Music moves all of us to do sometimes amazing feats. It can inspire moral action, build courage to face an implacable foe or even bring us closer to the almighty God. What it should not do is cost you an arm, leg and naming rights to your first male born child. There are a number of well crafted acoustic electric guitars on the market to choose from just depending on your taste. Whether you are searching for something to pick around the house or an axe for sold out arenas, there is something for every music lover.
Ovation Elite 1778TX-5 Acoustic Electric Guitar
You get what you pay for’ comes to mind, but that does not necessarily mean something negative. The Ovation Elite is of Korean design and like most things there is made of efficient lightweight composite material. The maple neck is preferred by many rock artists but does not feature any inlays. The overall appearance is slick and provides for a sweet tonal sound, even when not plugged in.
Taylor 100 Series 2014 150e Dreadnought 12-String Acoustic Electric Guitar
Pro: Makes blues musicians happy
Con: Possible setup problems
This natural beauty is perhaps the Taylor answer to affordable musical demands. Double the strings at almost half the price. For those needing a release’ through jamming sessions this model takes a pounding and maintains pristine conditions. Most pieces come ready to play out of the box. There are some instances where there is some tuning and setup that needs to be done. The model can be temperamental to those not professionally qualified. The Taylor 100 series neck is optimal for country, blues, folk style players.

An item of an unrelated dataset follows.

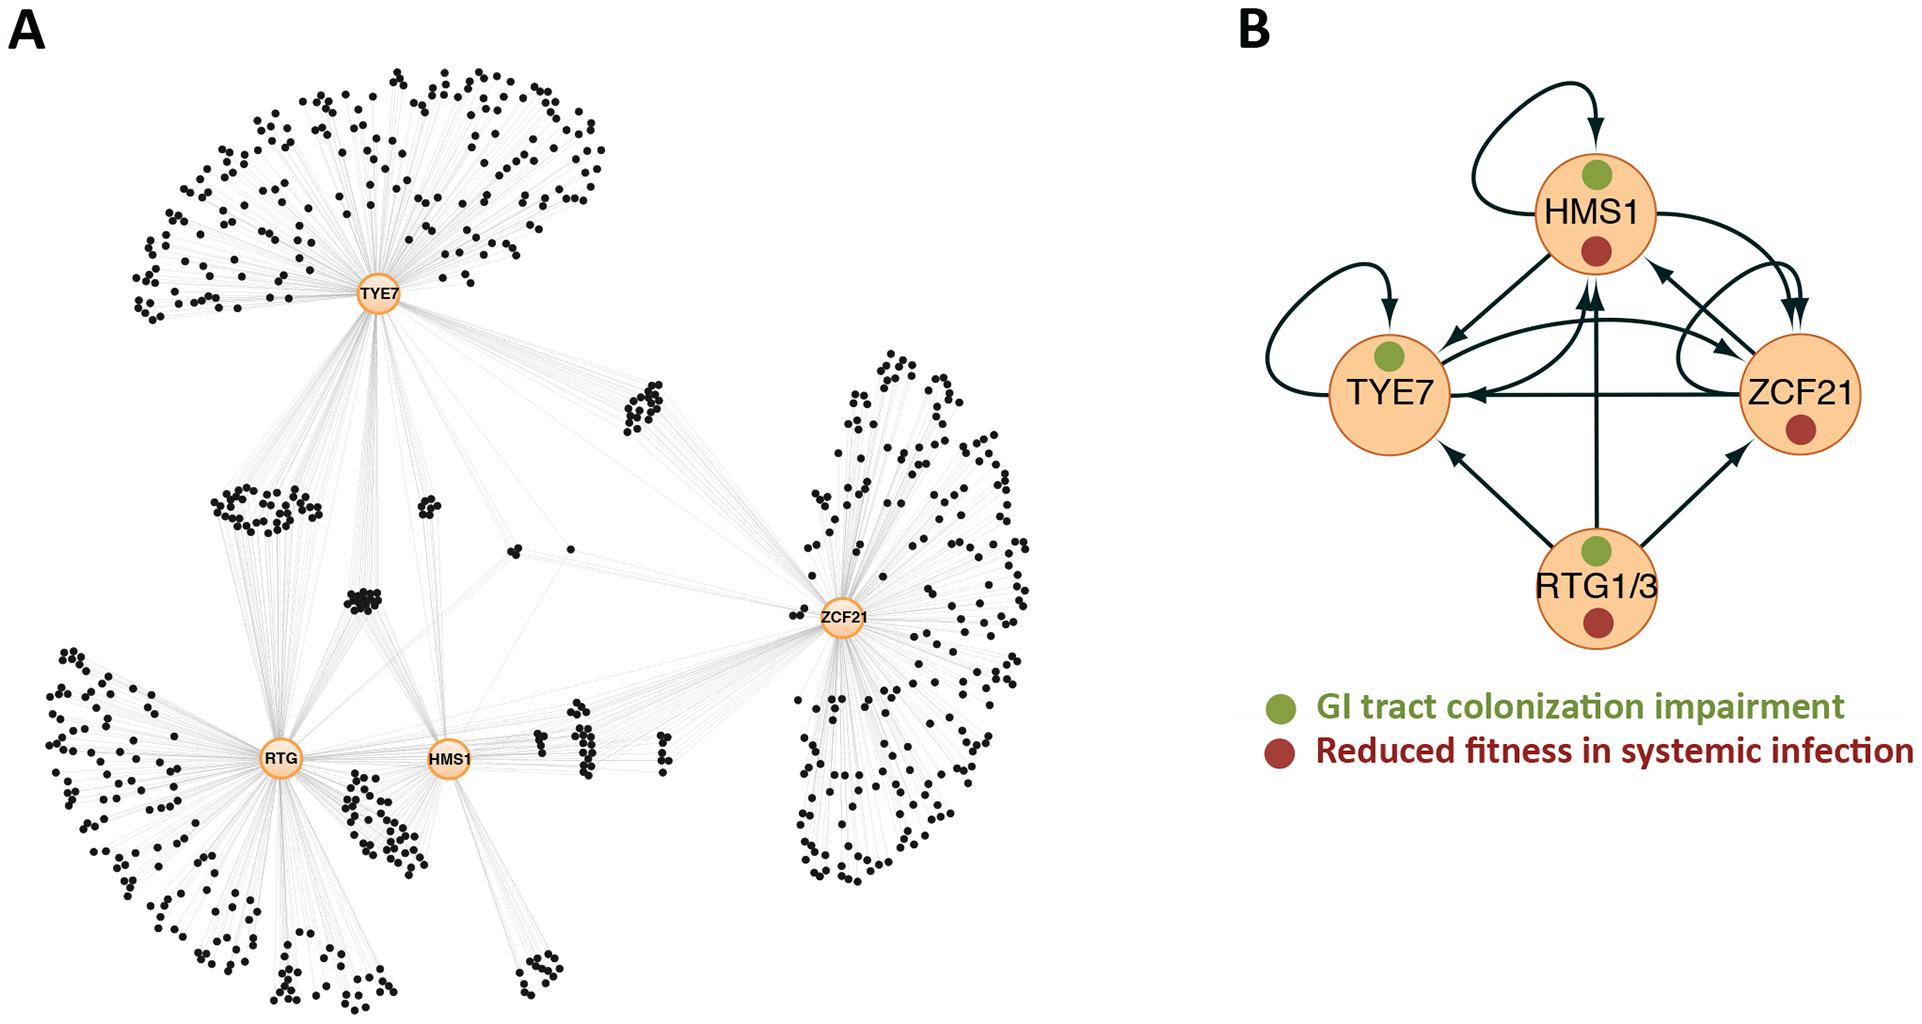 Gene regulatory network directing <i>C. albicans</i> proliferation in a mammalian host.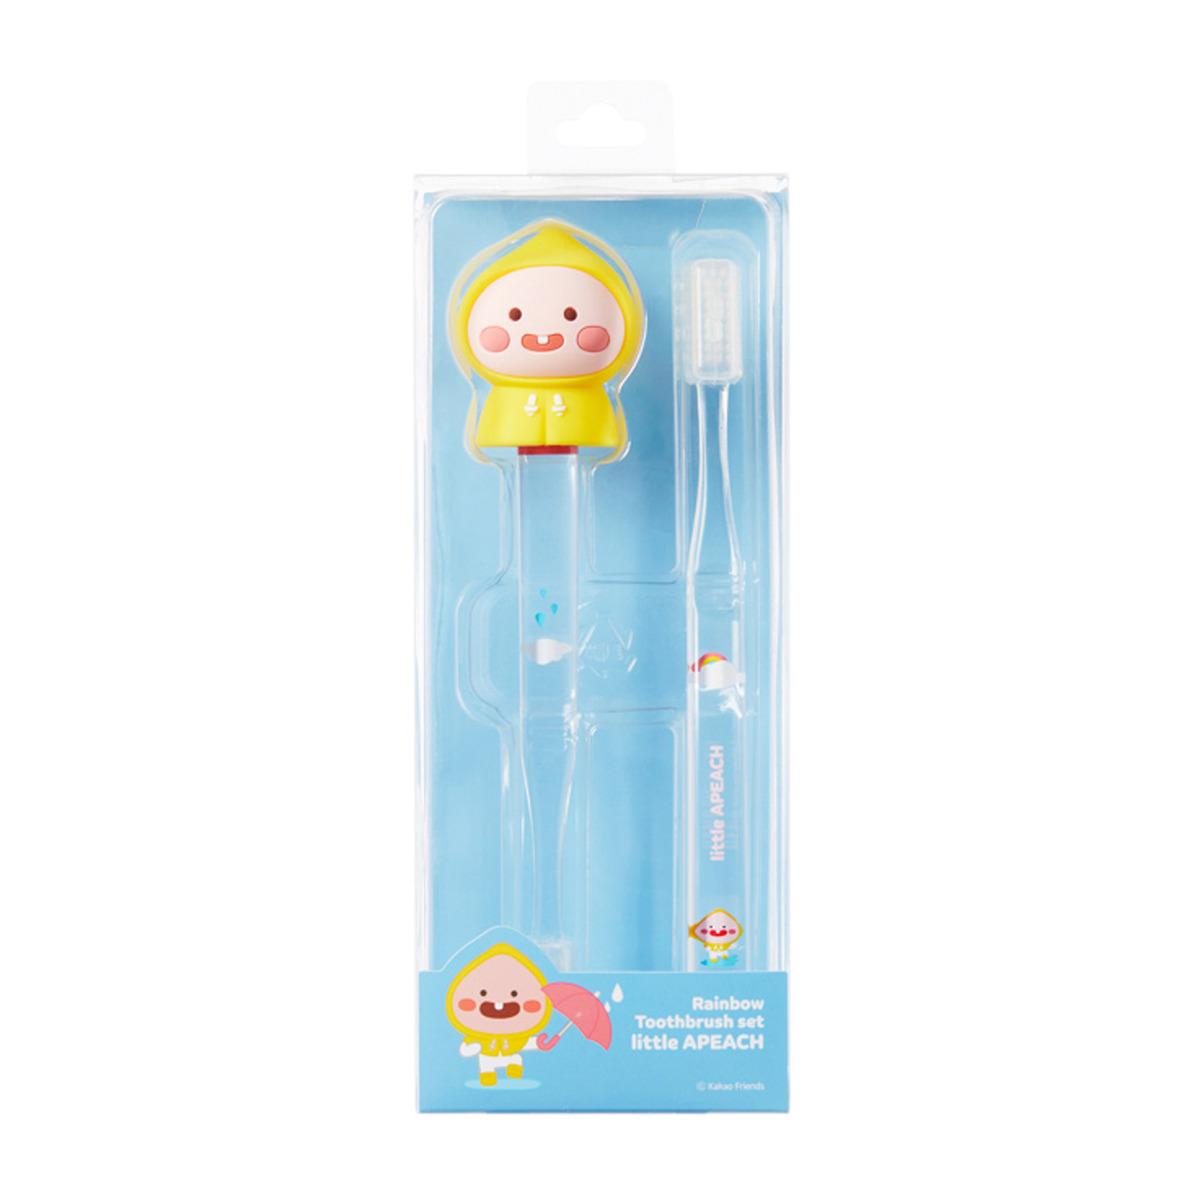 Toothbrush_Rainbow A Peach

Martin Road Series DRS1 Dreadnought
Known as the working guitarist’s choice the Martin Road Series has long had a reputation for delivering a lot of guitar at modest prices. This is the rebirth of the series launched in 2001. This model stands heads and shoulders above its predecessor the Martin DXME. It seems that Martin has found that magical middle ground where quality and cost effectiveness meet. This series still produces rich round sounds despite a smaller neck. So those with large hands beware, everyone else happy playing.
Gretsch G100CE Synchromatic
Pro: Bright sound
Con: High bridge
This spruce and maple dream is a throwback to the dance jazz filed days of the 1940s. The chrome tailpiece is a nice juxtapose to the Florence style cutaway. Another nod to the 40s is the decidedly overall Art Deco style of the instrument. Floaty excited tones is the highlight of this craft.
Ovation AX Series 2078AX-5
The Ovation AX newest model has been hailed as one of the most ergonomic acoustic guitars of this generation. The sculpted body was redesigned for maximum comfort for players whether practicing at home or in a performance position for hours at a time. The deep bowl creates a rich tone that even the most discerning musician would be hard pressed to find issue with.
Eastman AC422CE Grand Auditorium Cutaway
Pro: Fine crafted body
Con: AC20 Amp not user friendly
Chinese designed, but handcrafted in the U.S.A. While the size is a bit smaller than comparable cutaways of the Venetian style it does not impact sound quality. The heirloom mahogany body is painstakingly crafted and intended to last for generations. The only setback is the preamp settings are not easily modified. Rather most control functions can only be changed on the line amplifier.
Takamine Pro Series 1 P1DC Dreadnought Body Acoustic Electric Guitar
Pro: Modular preamp, excellent noise reduction
Con: Less than durable access points
If acoustic electric guitars were currency the Takamine Dreadnought series would be Fort Knox. The smooth sounds generated by three wood types (Cedar, Rosewood and Sapele) are bar none. Easy for novice and professional players alike. Noise cancellation and line signal development are among the best in the industry, running off a single 9-volt battery. According to specifications one premium battery can provide more than 250 hours. That could easily result in 100 sets before you have to change batteries.